Ангелина наклонилась, достала из коробки еще одну конфету, отгрызла с нее миндаль, половину шоколада и с наслаждением принялась рассматривать светлый крем внутри. Ее взгляд упал на кольцо с кичливым бриллиантом. Она набила рот остатками сладости и до блеска натерла камень о юбку белоснежного платья.
– Майя, – протяжно начала Ангелина, – я хотела спросить…
Она оглядела салон, будто за портьерой или дверьми могли скрываться шпионы.
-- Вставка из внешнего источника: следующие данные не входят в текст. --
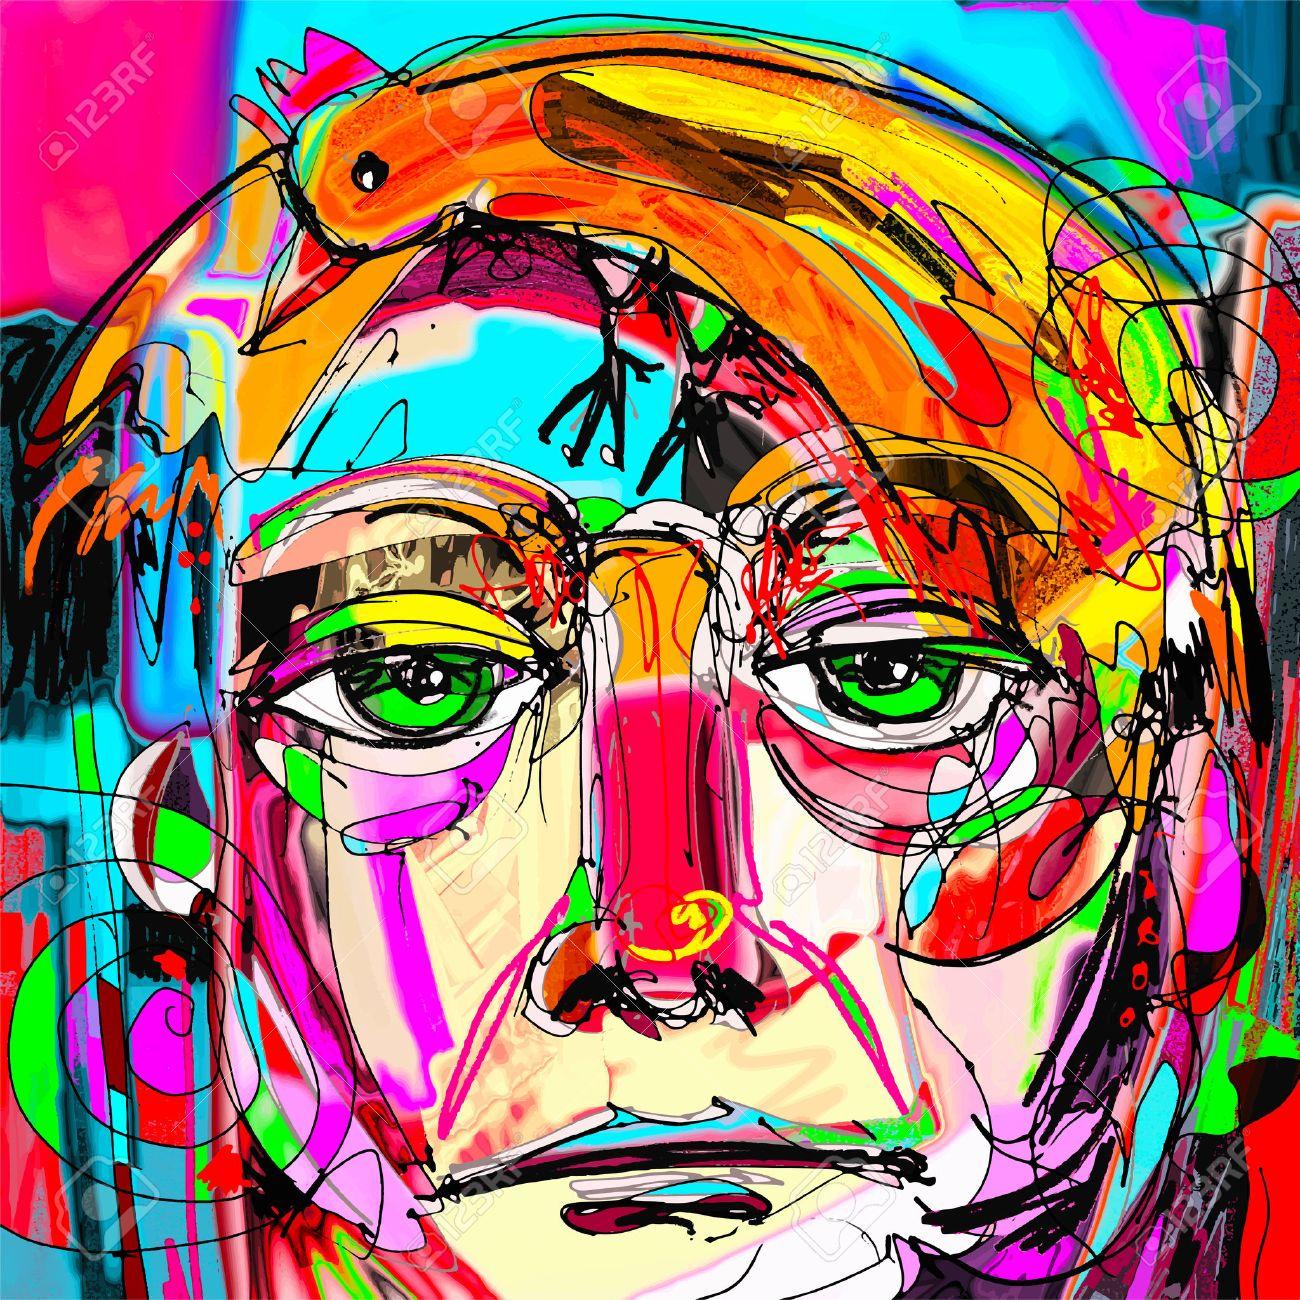 Ursprüngliche Abstrakte Kunst Zeitgenössische Digitale Malerei ...

Хотя знала – мать с тетей Элизабет отправились на чай к мисс Пике, отец работает в библиотеке, Хазель с Розой заняты весенней уборкой в кухне, а Джейкоб в саду отпиливает отмершие за зиму ветви деревьев, судя по равномерным приглушенным звукам. Ангелина решительно схватилась за ручку кресла и немного пододвинула его к дивану.
– Как оно, – тихо прошептала она, – я имею в виду первую ночь… Это больно?
Майя покачала головой.
– Нет, Лина, совсем не больно. Один сильный толчок – и все.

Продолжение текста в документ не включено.